_ASSIGNMENT_
Leave out all pictures. Extract exactly the lines from the one containing "Tom Ford for" through the end of the data.

[[ DATA EXCERPT open ]]

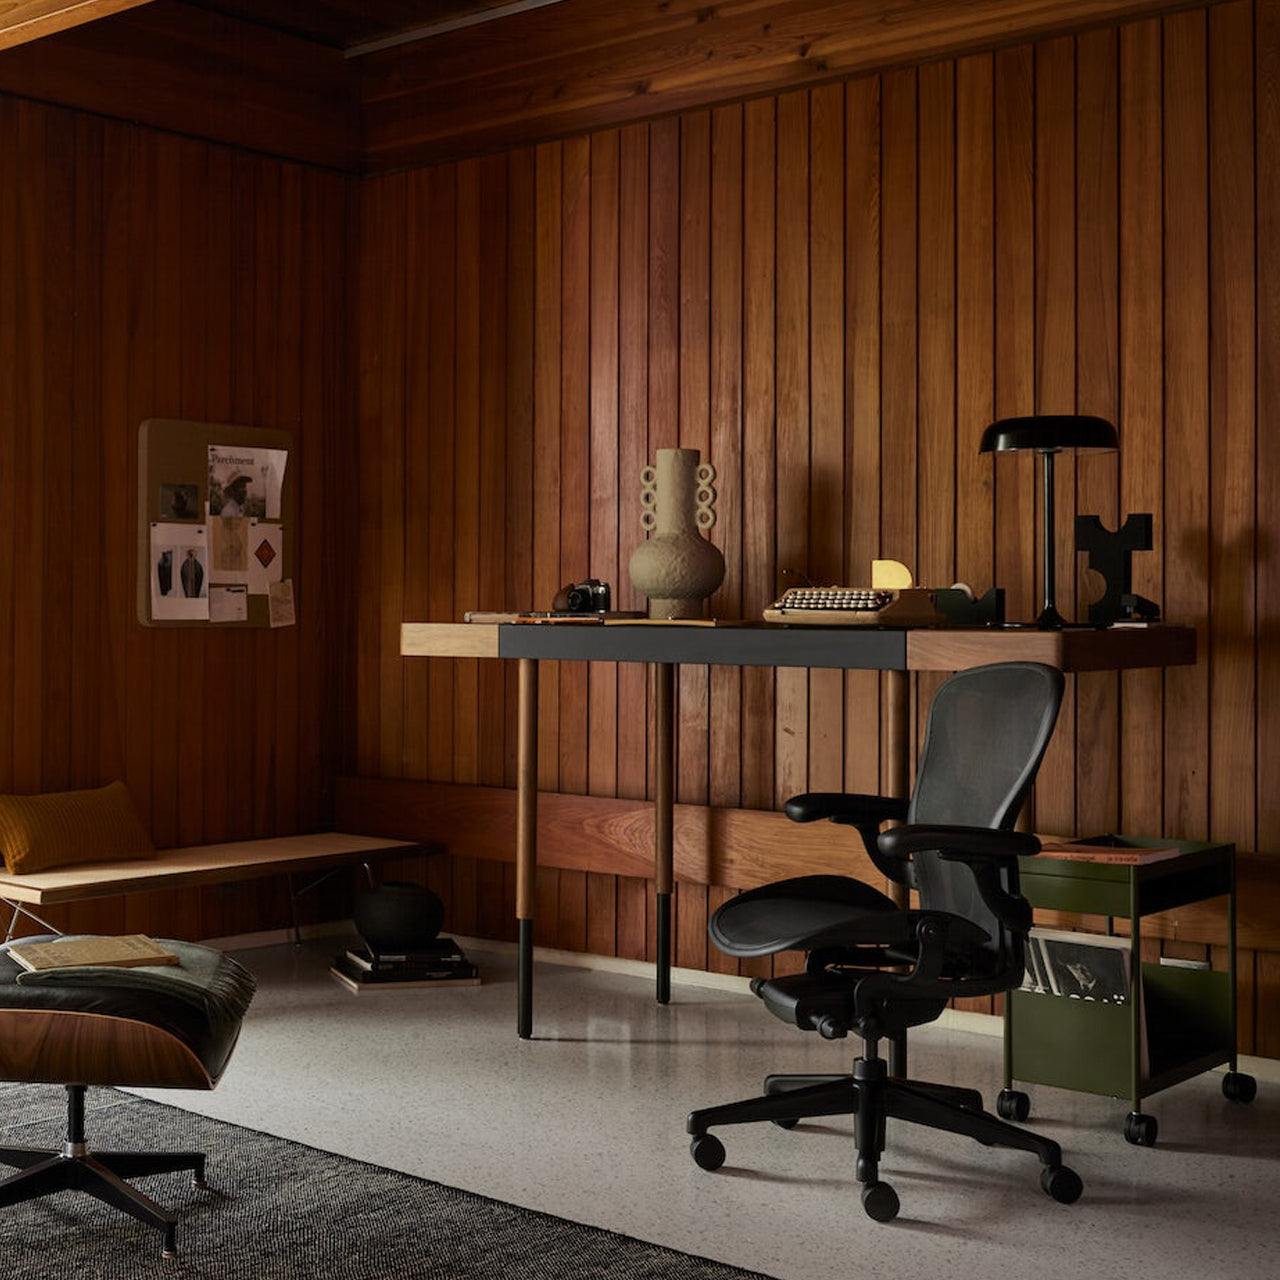 Herman Miller Leatherwrap Sit to Stand Desk
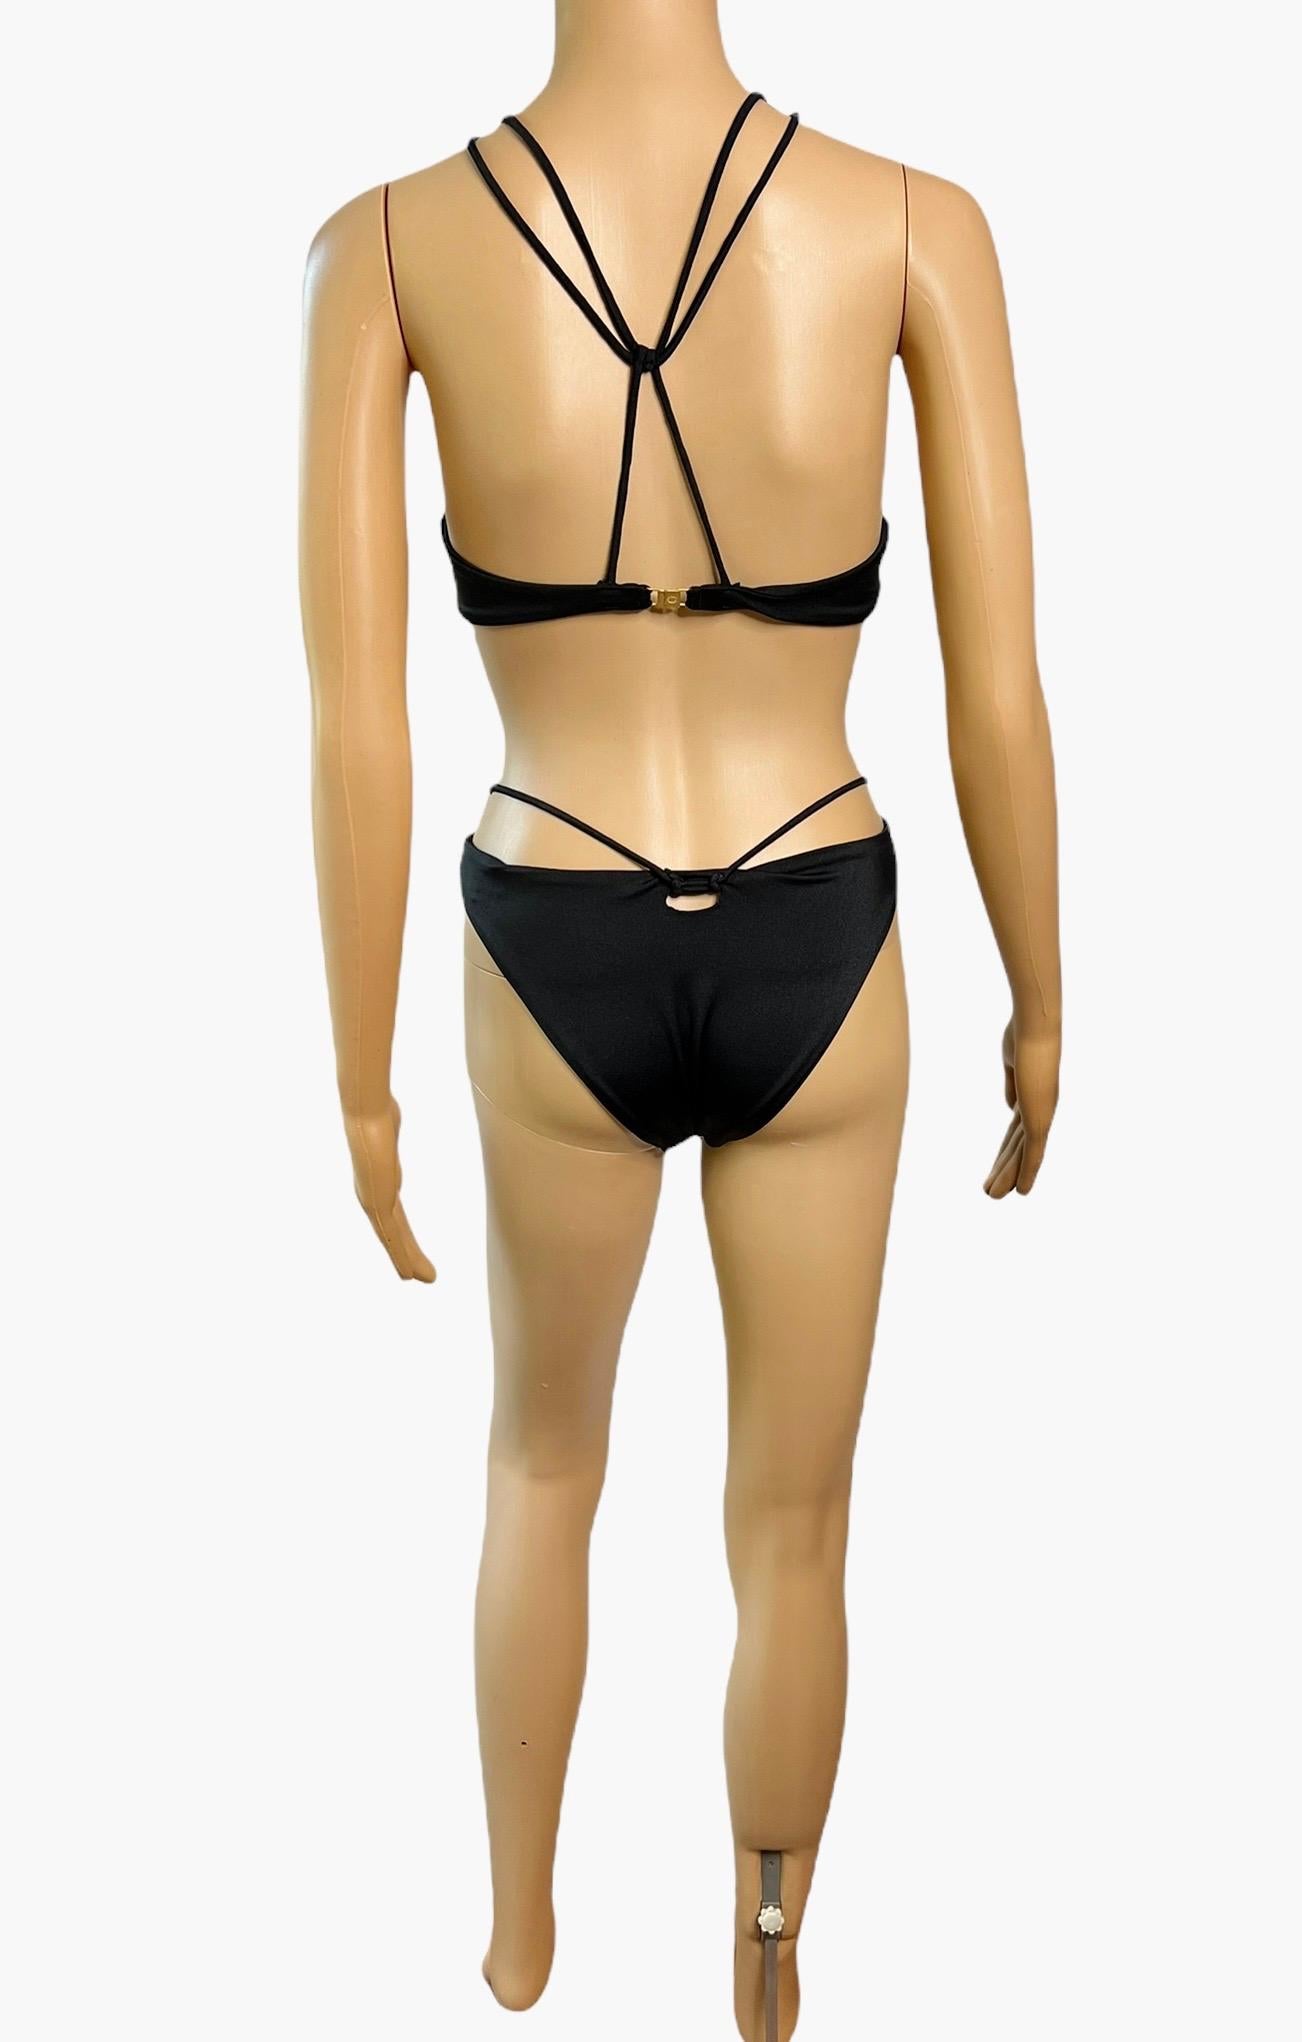 Tom Ford for Gucci c.2004 Bondage Strappy Black 2 Piece Bikini Swimsuit Swimwear Size M
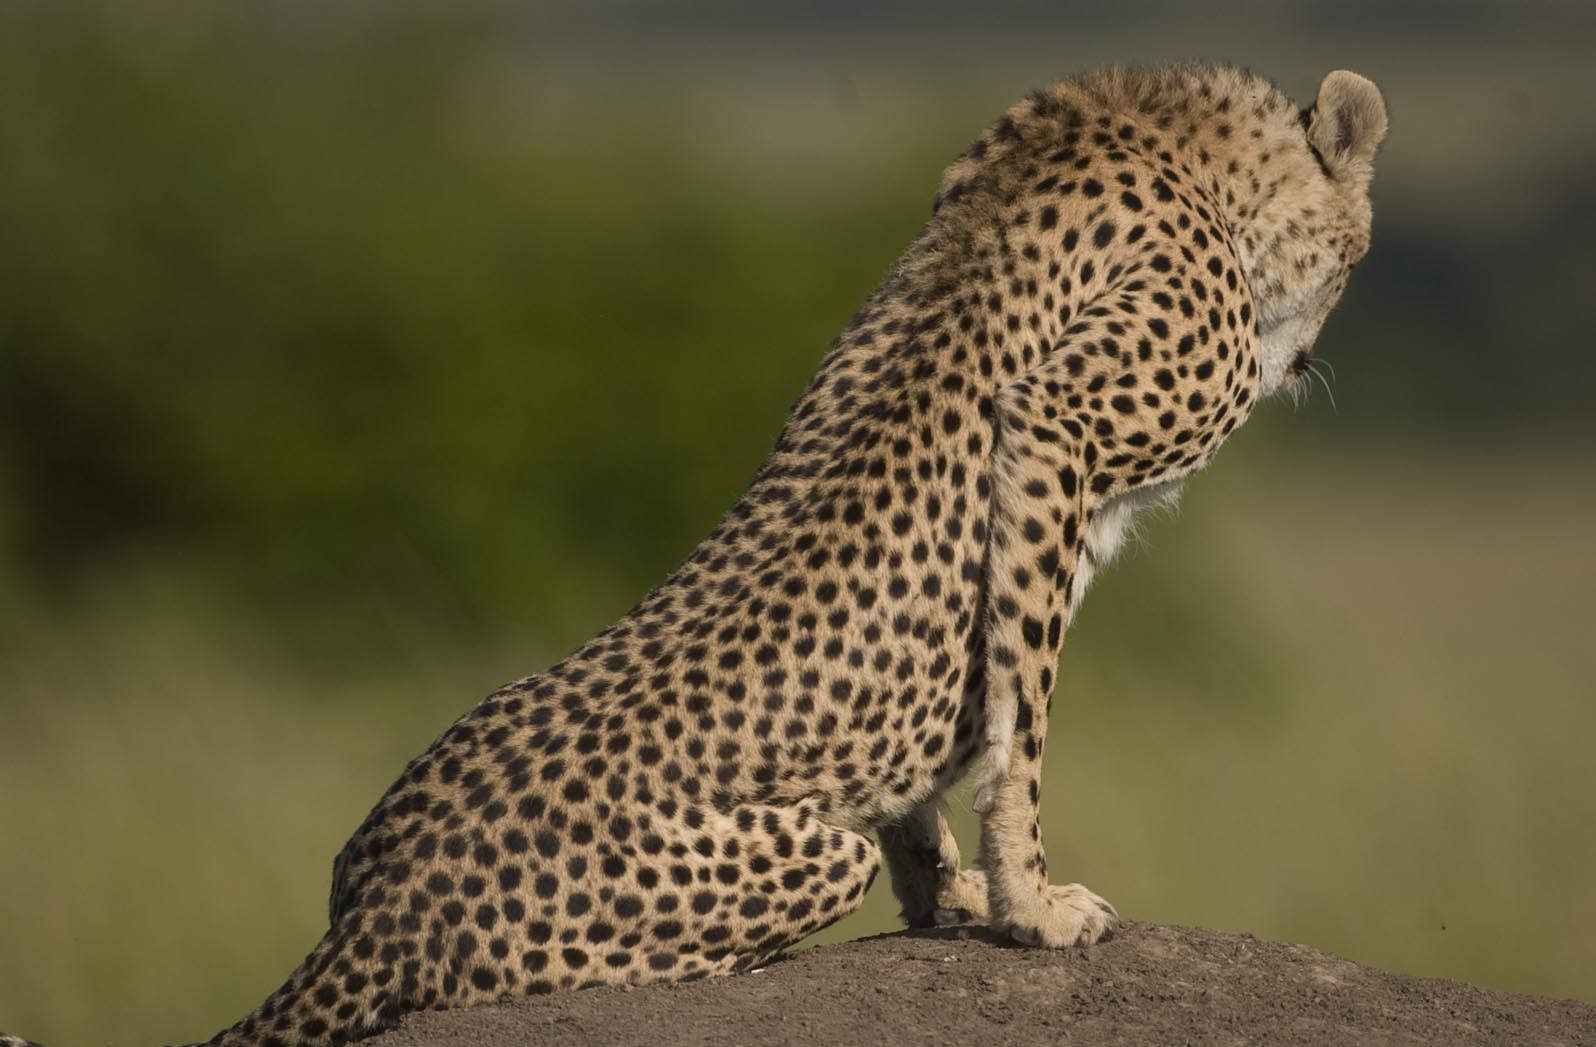 Lepa fotografija geparda

[[ DATA EXCERPT closed ]]

_RESPONSE_
 Tom Ford for Gucci c.2004 Bondage Strappy Black 2 Piece Bikini Swimsuit Swimwear Size M
 Lepa fotografija geparda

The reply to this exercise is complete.